Como é que se Esquece Alguém que
se Ama?
Como é que se esquece alguém que
se ama? Como é que se esquece alguém que nos faz falta e que nos custa mais
lembrar que viver? Quando alguém se vai embora de repente como é que se faz
para ficar? Quando alguém morre, quando alguém se separa - como é que se faz
quando a pessoa de quem se precisa já lá não está?
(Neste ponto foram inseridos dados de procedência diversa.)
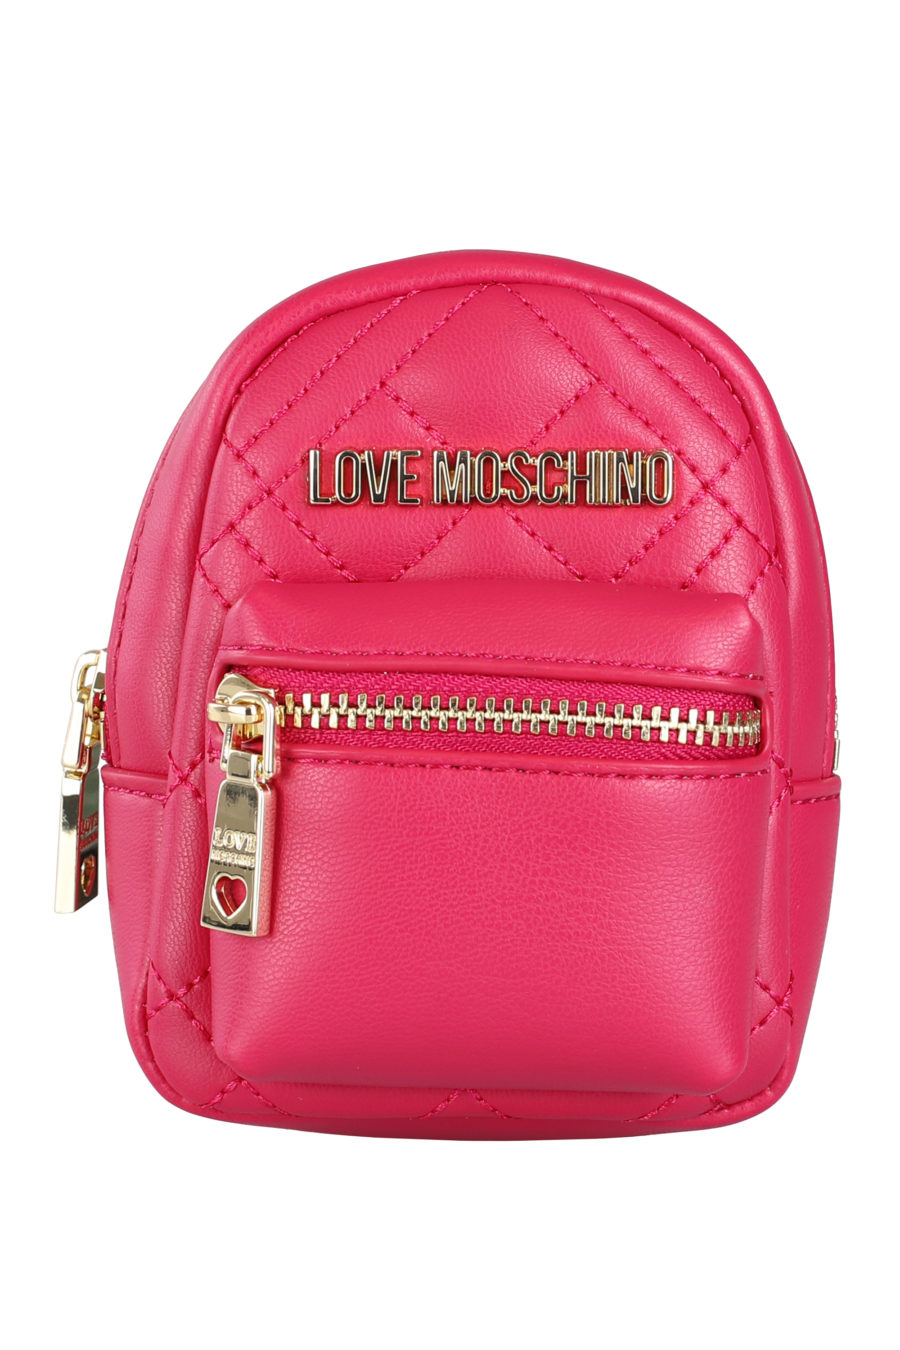 Llavero mini mochila rosa - IMG 9685

As pessoas têm de morrer; os
amores de acabar. As pessoas têm de partir, os sítios têm de ficar longe uns
dos outros, os tempos têm de mudar Sim, mas como se faz? Como se esquece?
Devagar. É preciso esquecer devagar. Se uma pessoa tenta esquecer-se de
repente, a outra pode ficar-lhe para sempre. Podem pôr-se processos e acções de
despejo a quem se tem no coração, fazer os maiores escarcéus, entrar nas
maiores peixeiradas, mas não se podem despejar de repente. Elas não saem de lá.
Estúpidas! É preciso aguentar. Já ninguém está para isso, mas é preciso
aguentar. A primeira parte de qualquer cura é aceitar-se que se está doente. É
preciso paciência.
O pior é que vivemos tempos
imediatos em que já ninguém aguenta nada. Ninguém aguenta a dor. De cabeça ou
do coração. Ninguém aguenta estar triste. Ninguém aguenta estar sozinho.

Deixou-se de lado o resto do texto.